Fig. 46 8-variable graph, before (left) and after (right) splitting.

The Lagrangian relaxed version of the problem obtained by dividing variable \(s_1\) is shown on the right. The constraint \(s_1^{(1)}=s_1^{(2)}\) is treated softly giving two independent subproblems consisting of variable sets \({s_1^{(1)}, s_2, s_3, s_7, s_8}\) and \({s_1^{(2)}, s_4, s_5, s_6}\). If either subproblem is still too large, it can be decomposed further either through another variable division or through conditioning.

Further Information

  • [Boy2007] gives a concise introduction to subgradient methods.
  • [Bru1994] describes applying the branch-and-bound algorithm to the job shop scheduling problem.
  • [Glo2017] discusses preprocessing rules that reduce graph size.
  • [Joh2007] gives an alternative to subgradient optimization, which examines a smooth approximation to dual function.
  • [Mar2007] considers ways to explore the search tree, including dynamic variable orderings and best-first orderings.
  • [Ros2016] discusses branch-and-bound heuristics in the context of the D-Wave Chimera architecture.

Large-Neighborhood Local Search Algorithms

Local search algorithms improve upon a candidate solution, \(\vc{s}^t\), available at iteration \(t\) by searching for better solutions within some local neighborhood of \(\vc{s}^t\).

Quantum annealing can be very simply combined with local search to allow the local search algorithm to explore much larger neighborhoods than the standard 1-bit-flip Hamming neighborhood.

For a problem of \(N\) variables and a neighborhood around configuration \(\vc{s}^t\) of all states within Hamming distance \(d\) of \(\vc{s}^t\), choose one of \(\binom{N}{d}\), and determine the best setting for these \(\vc{s}_A\) variables given the fixed context of the conditioned variables \(\vc{s}^{t}_{\setminus A}\).
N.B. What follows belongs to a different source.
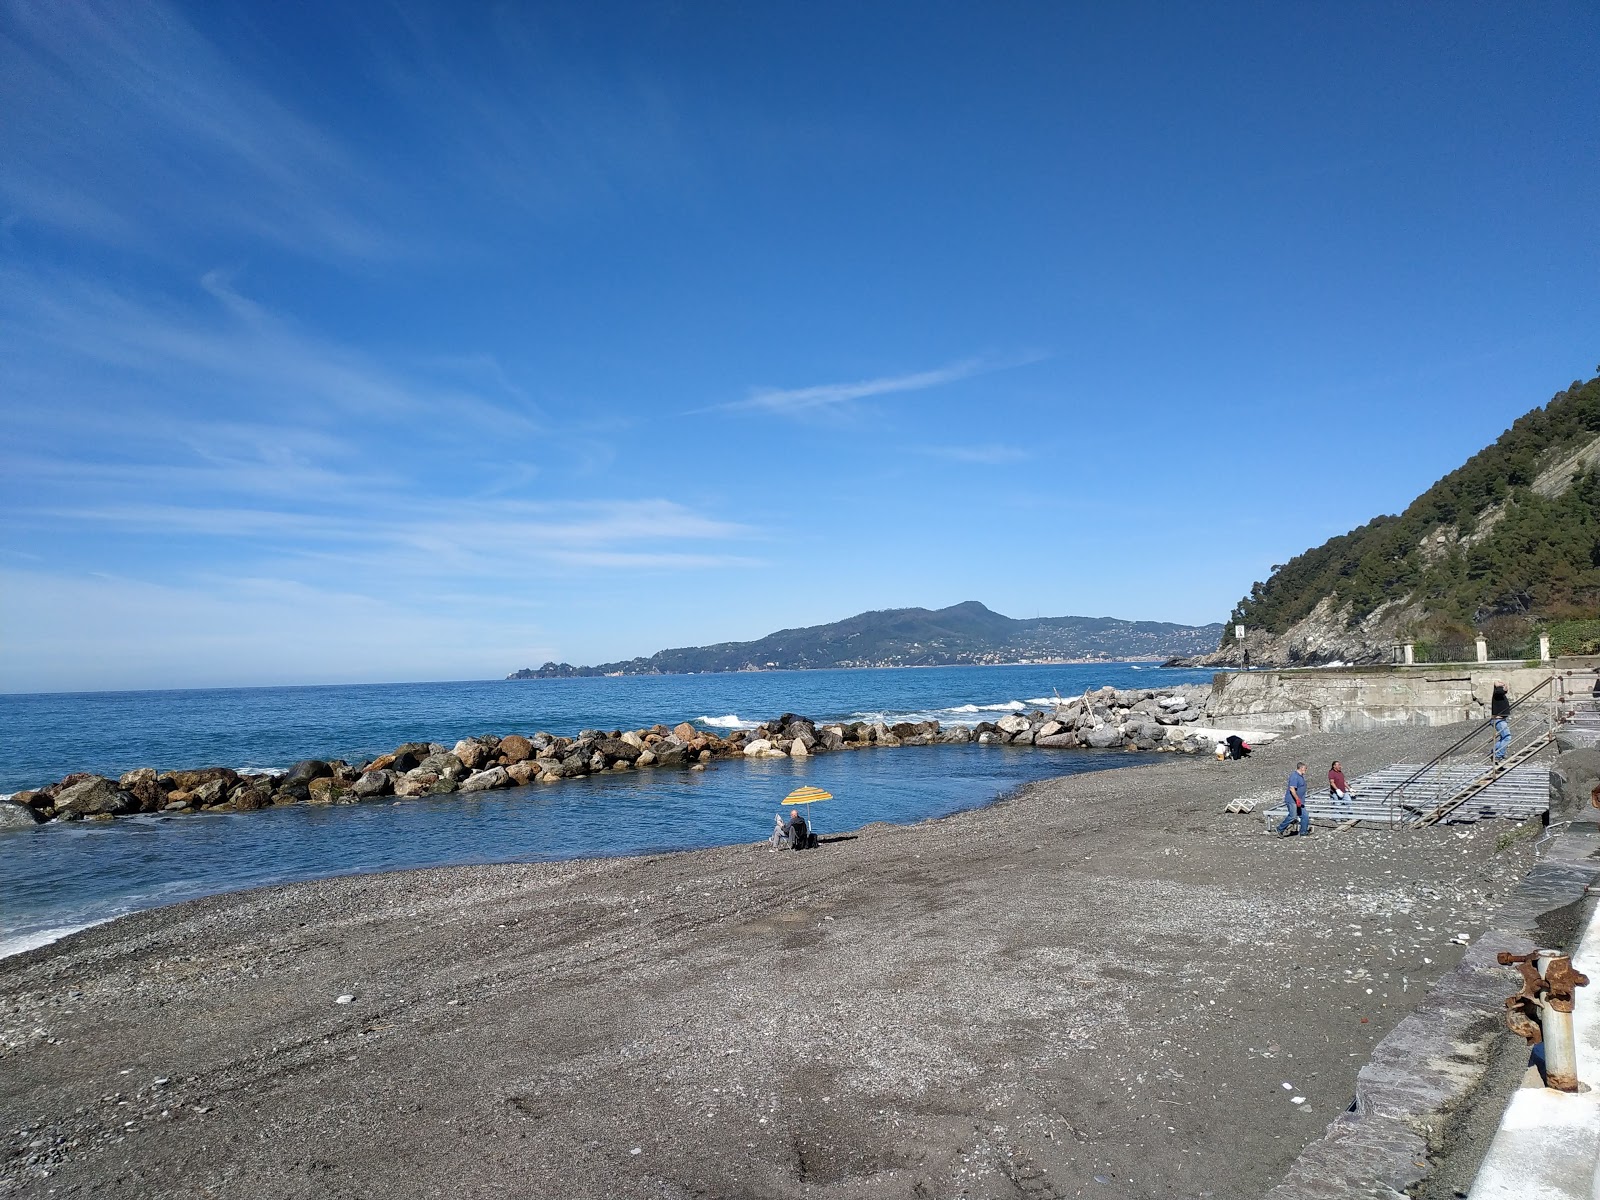 Photo of La spiaggia di Preli a Chiavari with blue pure water surface

Select \(d\) small enough to solve on the QPU. If no improvement is found within the chosen subset, select another.

Further Information

  • [Ahu2000] describes the cyclic exchange neighborhood, a generalization of the two-exchange neighborhood algorithm.
  • [Glo1990] is a tutorial on the tabu search algorithm.
  • [Liu2005] presents promising results for even small neighborhoods of size \(d\le 4\).

Belief Propagation

The belief propagation algorithm passes messages between regions and variables that represent beliefs about the minimal energy conditional on each possible value of a variable. It can be used, for example, to calculate approximate, and in some cases exact, marginal probabilities in Bayes nets.

Further Information

  • [Bia2014] discusses belief propagation in the context of decomposing CSPs into subproblems small enough to be embedded onto the QPU.
  • [Cou2009] is a tutorial on the subject.
  • [Pea2008] describes the belief propagation algorithm.